あいつ、細かいことに拘ったりすることがあるからそういうところに関心が集まれば、高評価は狙える……?
【菜刀天子】の思考を完全にトレース出来たのならどの方針で行くのか決めやすかったんだが、流石にそこまでは出来ないからな……
「2つの方針で悩んでいるのですかな?」
ああそうだ。
はじめの一歩が肝心だからな。
ここでの選択が後々の結果に大きく響いてくる以上、迂闊な判断は命取りだろう。
「そういうものなんですかな……?
でも、私としては【包丁戦士】さんにはもっと欲張りに行って欲しいですな!
狂人、プレイヤーキラーとしての悪評をものともしない【包丁戦士】さんの心意気が私は好きなのです。

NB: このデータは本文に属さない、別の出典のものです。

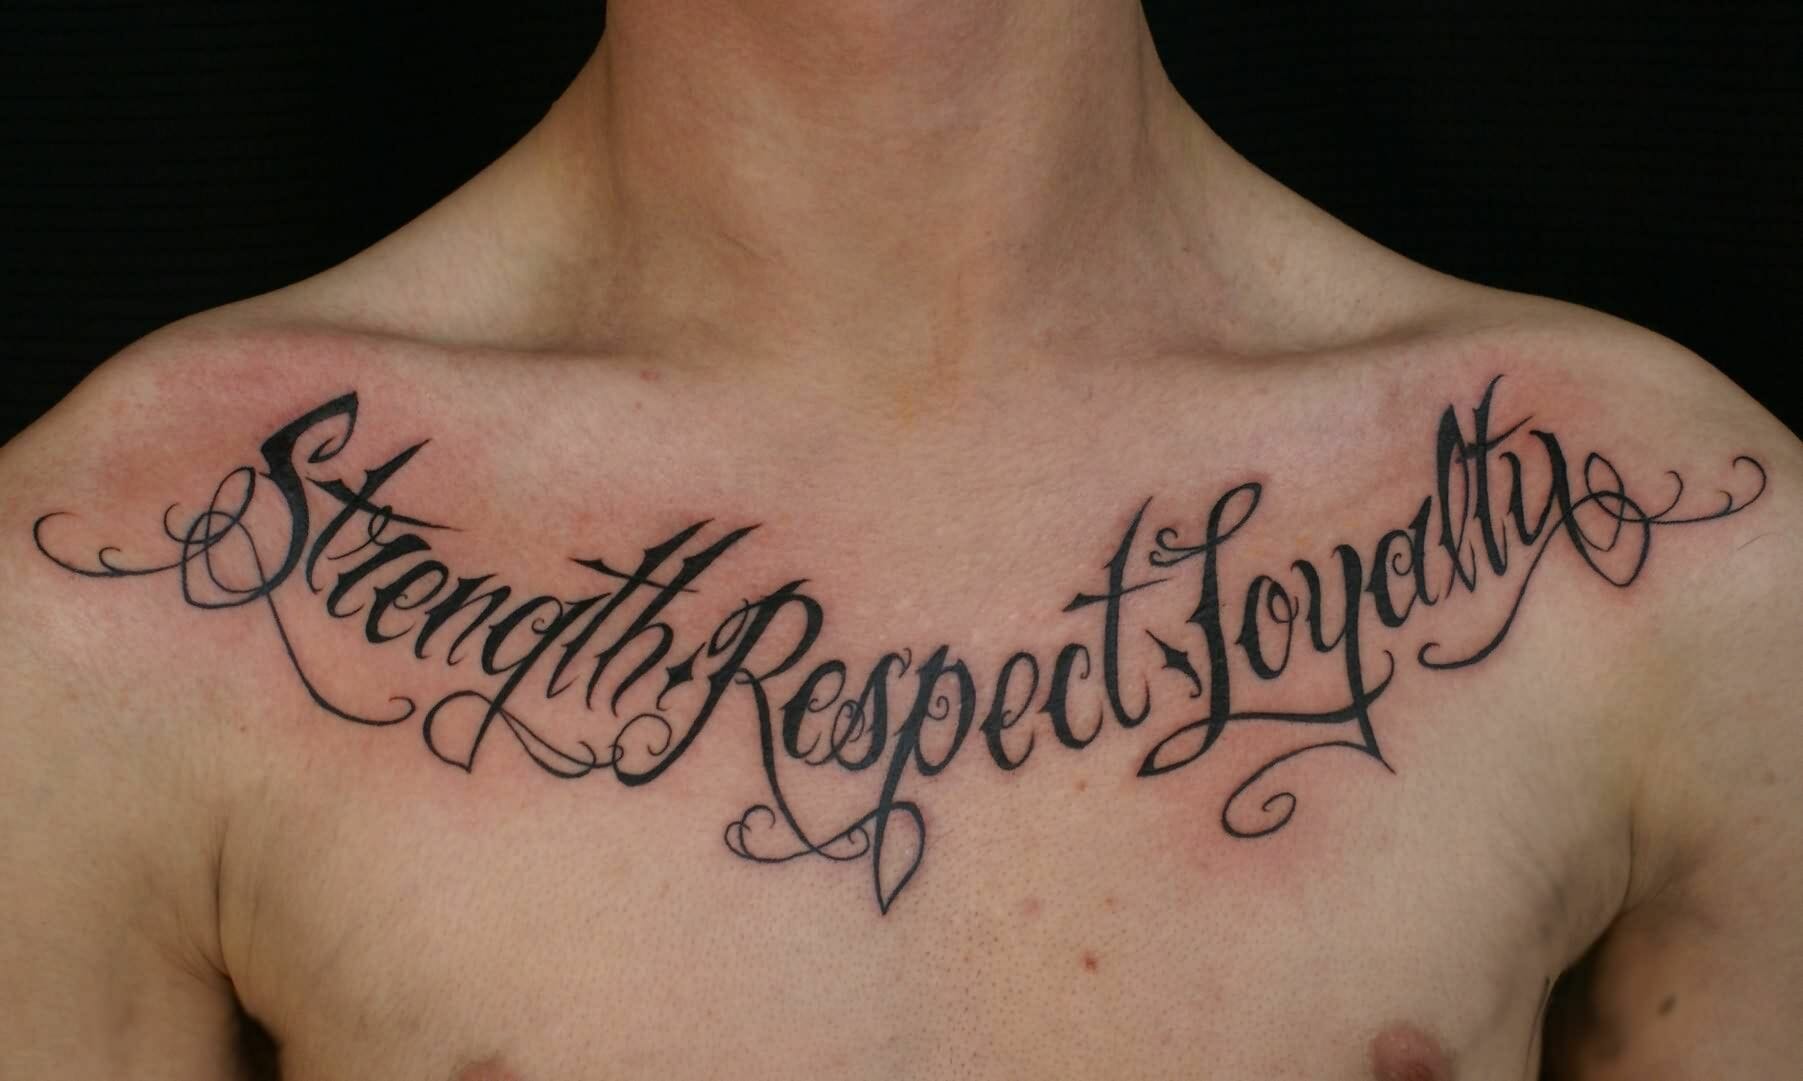 101 Amazing Chest Word Tattoo Ideas That Will Blow Your Mind! - Outsons
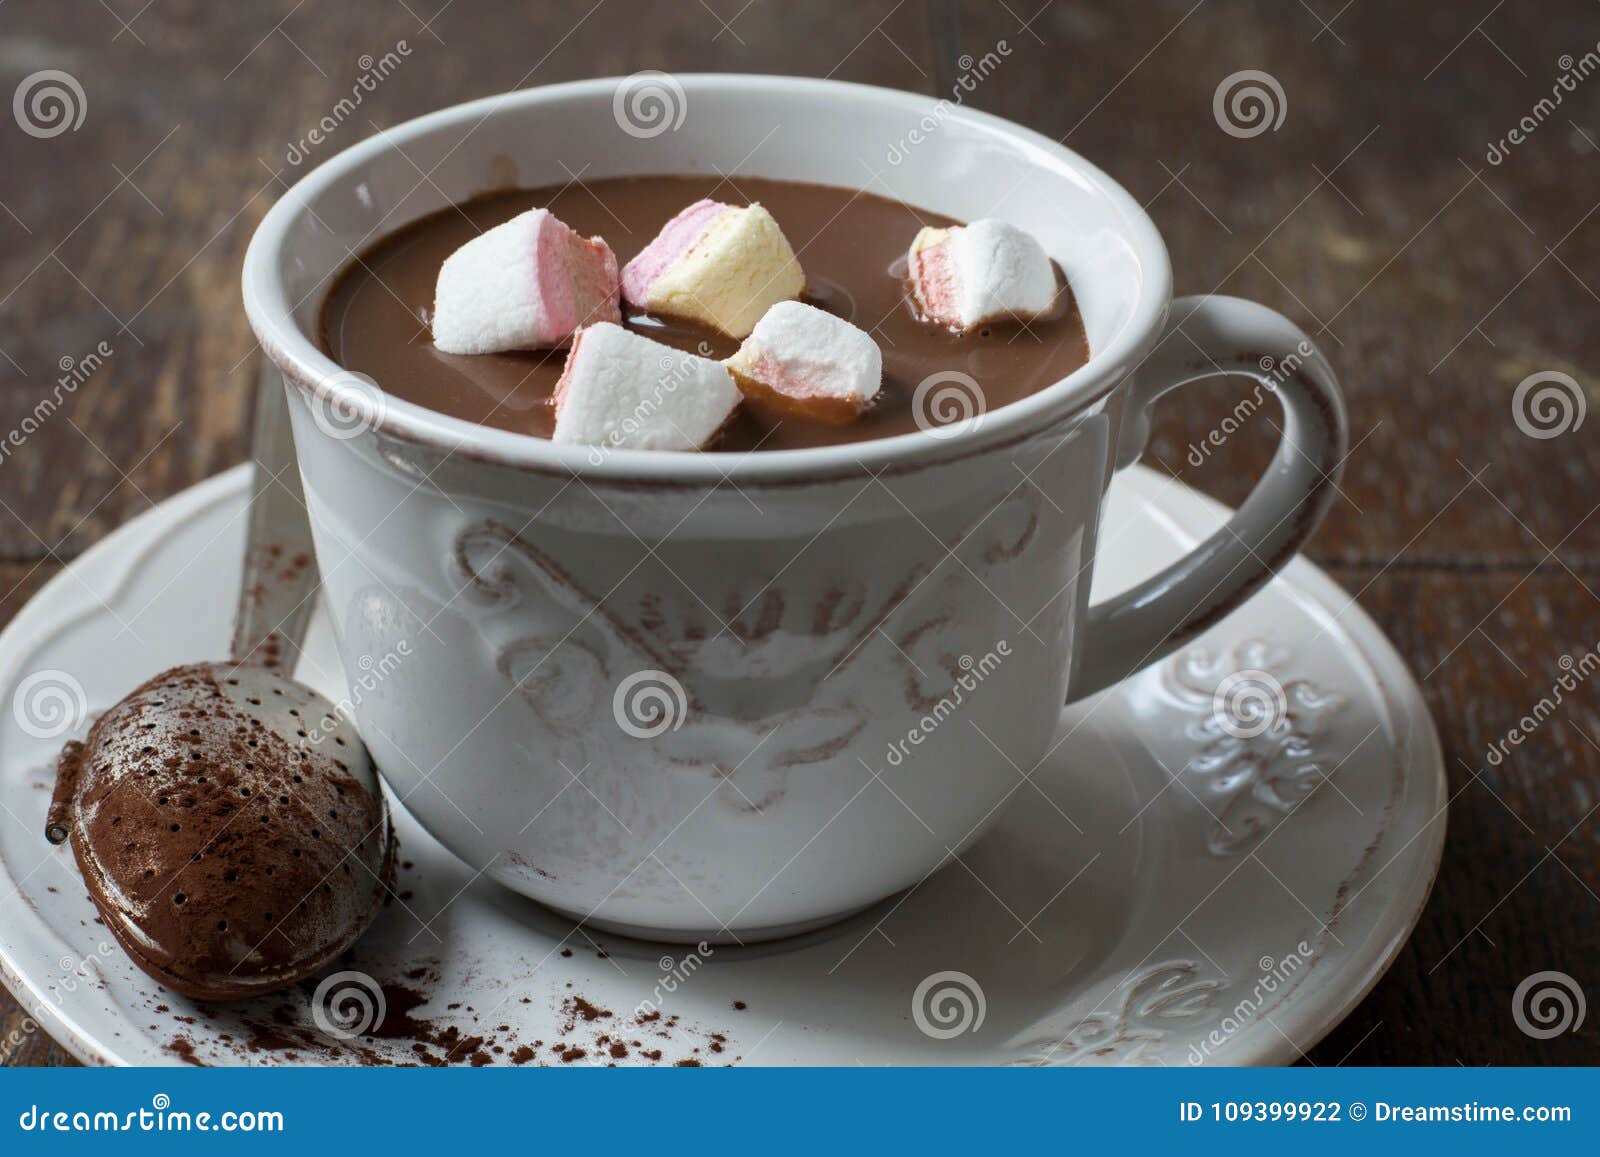 Creamy Hot Cocoa and Marshmallows Stock Photo - Image of detail ...

それとも、大胆なのはプレイヤーキラーとして活動している時だけなのですかな?」
俺は野菜屋台のおっちゃんの言葉を聞いてハッとした。
そうだ、俺はどうやら考えすぎていたようだ。
考え込みすぎて選択肢を自分で減らしていたのはなんとも情けない。
これでは「生産プレイヤーとして失格ですよ」と【釣竿剣士】に怒られてしまっても仕方がない。
そう包丁次元のMVPプレイヤーである俺が堂々としなくてどうするんだ!
野菜のおっちゃん!俺は決めたぞ!
「ほうほう、決まりましたですな?」
俺は美味しさと戦闘力、どちらにも貢献できるアイテム……いや、料理アイテムを作るぞ!
料理として味覚を重視するのでも、アイテムとしての性能を重視するのでもない。
俺はその両取りでいく!
どちらかに決めないといけないわけじゃないからな!
せっかくの機会だから俺は貪欲に両方を狙いにいってみる。
【暴食】の大罪を持ってるのに、作る料理は不味いなんて言われたら流石に俺でも泣くからな……ここは妥協したくないものある。
「それならば……前に渡した酩酊ブドウと相性がいいと分かっているものはどうですかな?
これがあれば二つの意味で、より一層刺激的なものが出来上がると思うのですな
そう言って俺に真っ赤なイチゴが入ったパックを手渡してきた。
このイチゴがあのレアアイテムの酩酊ブドウと相性がいいのか?
一見すると普通のイチゴに見えるんだが、レアアイテムに釣り合うのか?
下手なものを加えて完成品を劣化させるのを避けたいからな。
「それは安心するといいですな。
このイチゴは【激情イチゴ】と呼ばれているレアアイテムなのです。
食べると一定時間感情の昂りが抑えきれなくなる逸品ですな」
ほう、これまたおもしろいアイテムだな。
感情に働きかけるとはまた奇抜な効果だ。
そして、その効果を聞いて【酩酊ブドウ】との相性の良さにも気がついた。
ふふふ、これは面白いものができるかもしれないぞ!
頼みますから美味しいものをお願いします。